Cryptocurrency giant Coinbase has received a payments license from Singapore’s central bank.

The license from the Monetary Authority of Singapore (MAS) will let Coinbase provide digital payment token services to individuals and institutions in the Southeast Asian city-state, according to a Monday (Oct. 2) company blog post.

The move comes as several crypto companies look to Singapore to expand their business amid an industry crackdown in the United States.

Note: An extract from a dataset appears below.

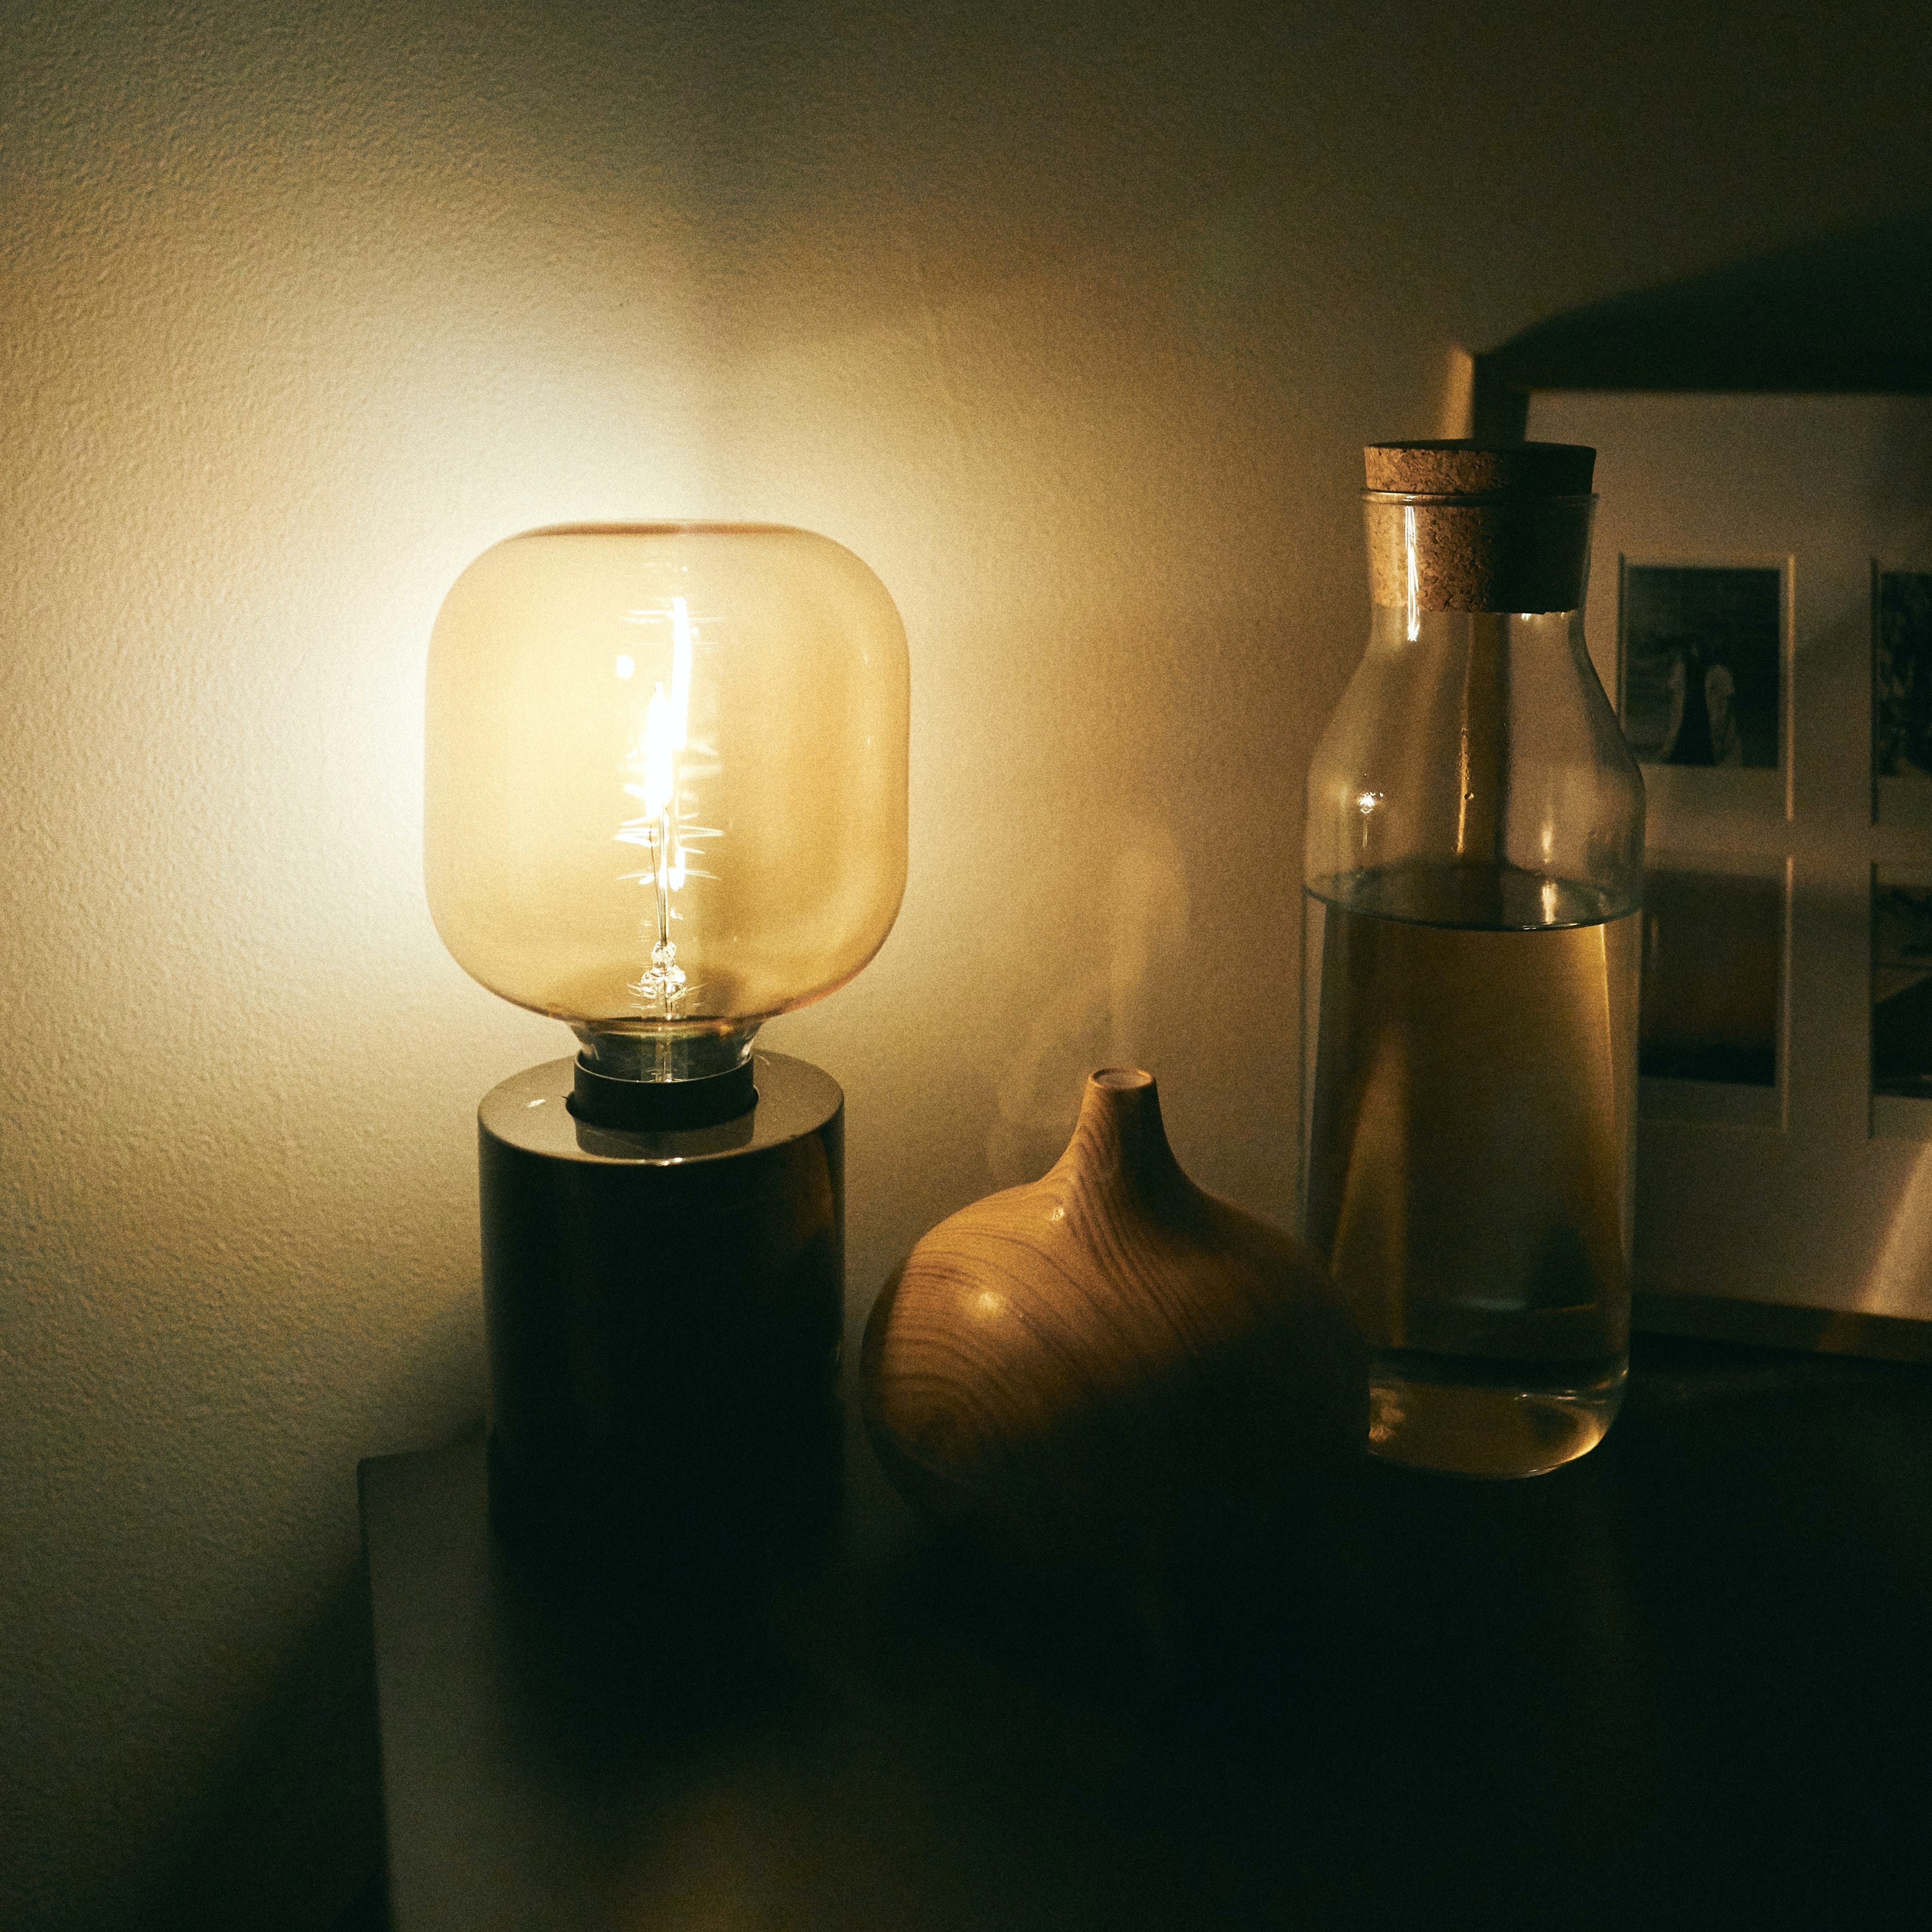 Essential oil aromatherapy diffuser on bedside table

In the blog post, Coinbase called Singapore a “priority market” for the company.

“From our initial involvement in the Lion City, we’ve identified Singapore as a vital market for Coinbase,” the post said. “The nation’s progressive economic strategies and approach to regulation sync well with our global mission and objectives.”

A quarter of Singaporeans think of crypto as the future of finance, while 32% either own or have owned cryptocurrency, according to the post. The country is also home to more than 700 Web3 firms, “making it a pivotal market for the growth of the crypto and Web3 economy.”

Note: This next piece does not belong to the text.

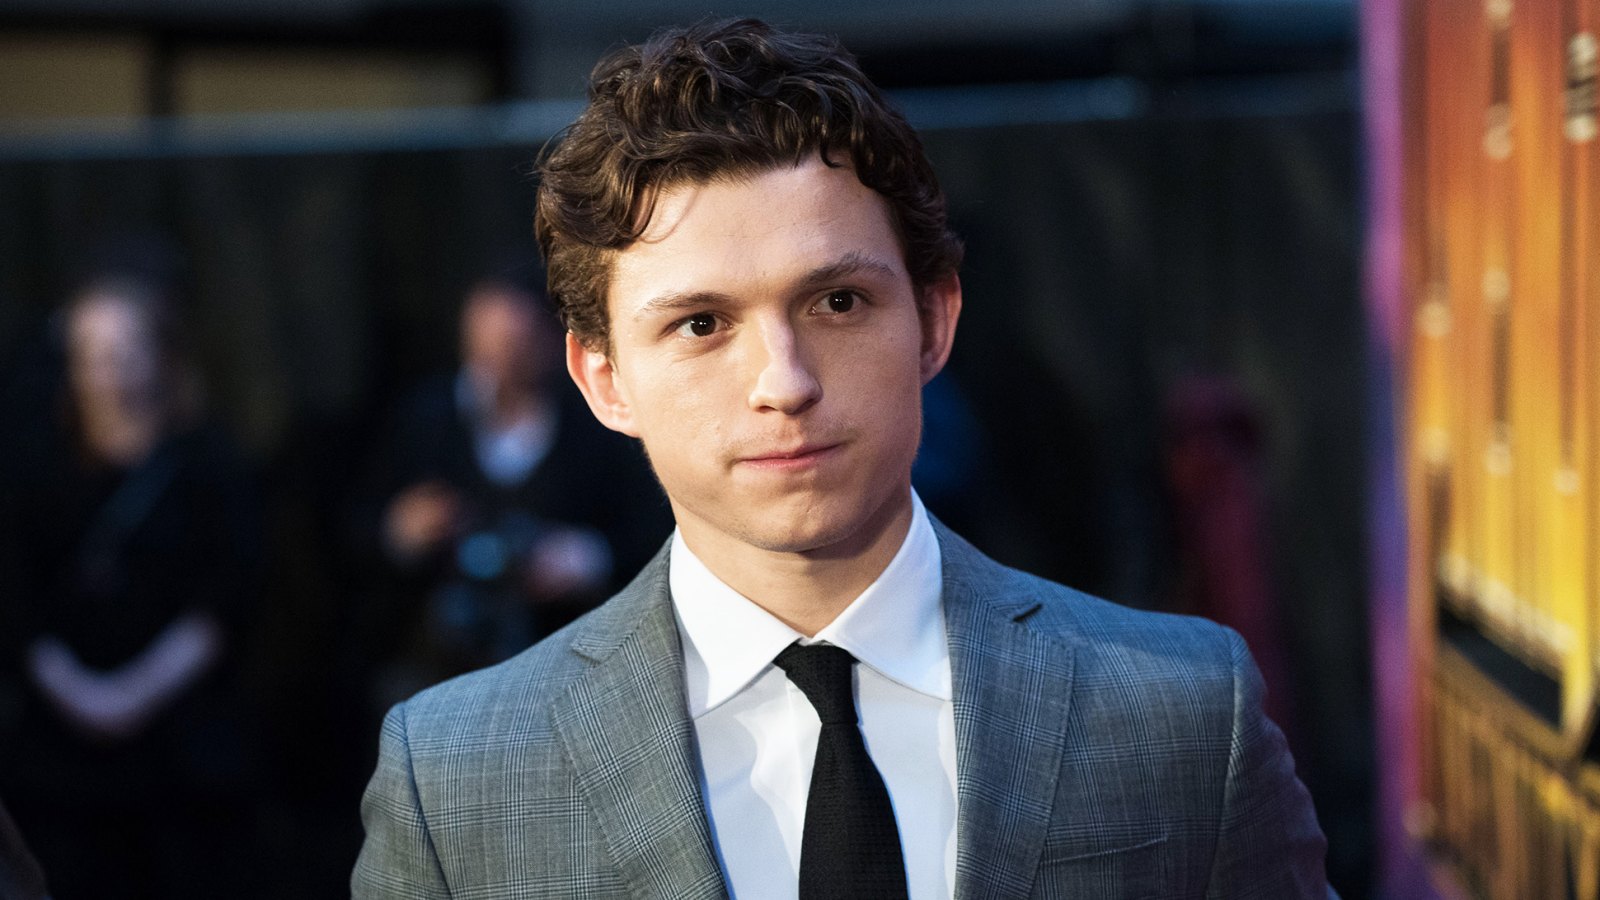 Tom Holland Tried Pumpkin for the First Time and Loved It: ‘That’s So Good’

Coinbase — along with fellow crypto exchange Binance — was sued in June by the U.S. Securities and Exchange Commission (SEC) over a host of alleged securities law violations.

As PYMNTS wrote soon after, the SEC has determined that “pretty much every crypto token outside of bitcoin, all 25,000-plus of them, can be defined as a security and should therefore be regulated by the agency.”

Rather than going token by token, the report added, “the SEC is going right for the jugular and targeting the major players that facilitate the exchange and trading of digital assets, as well as the sector’s on-and-off ramps to traditional financial ecosystems.”

Against this backdrop, PYMNTS wrote, Hong Kong, the United Kingdom, the European Union and Singapore “are all increasingly being viewed as attractive jurisdictions by crypto players, given the hostile landscape in the U.S.”

For example, Ripple CEO Brad Garlinghouse said at the Token2049 conference in Singapore last month that his company plans to hire 80% of its employees from countries he argued are better than the U.S. at regulating cryptocurrency.

“It’s super frustrating that you see markets like we have here in Singapore … where the governments are partnering with the industry, and you’re seeing leadership providing clear rules, and you’re seeing growth,” Garlinghouse said at the time. “And frankly that’s why Ripple is hiring there.”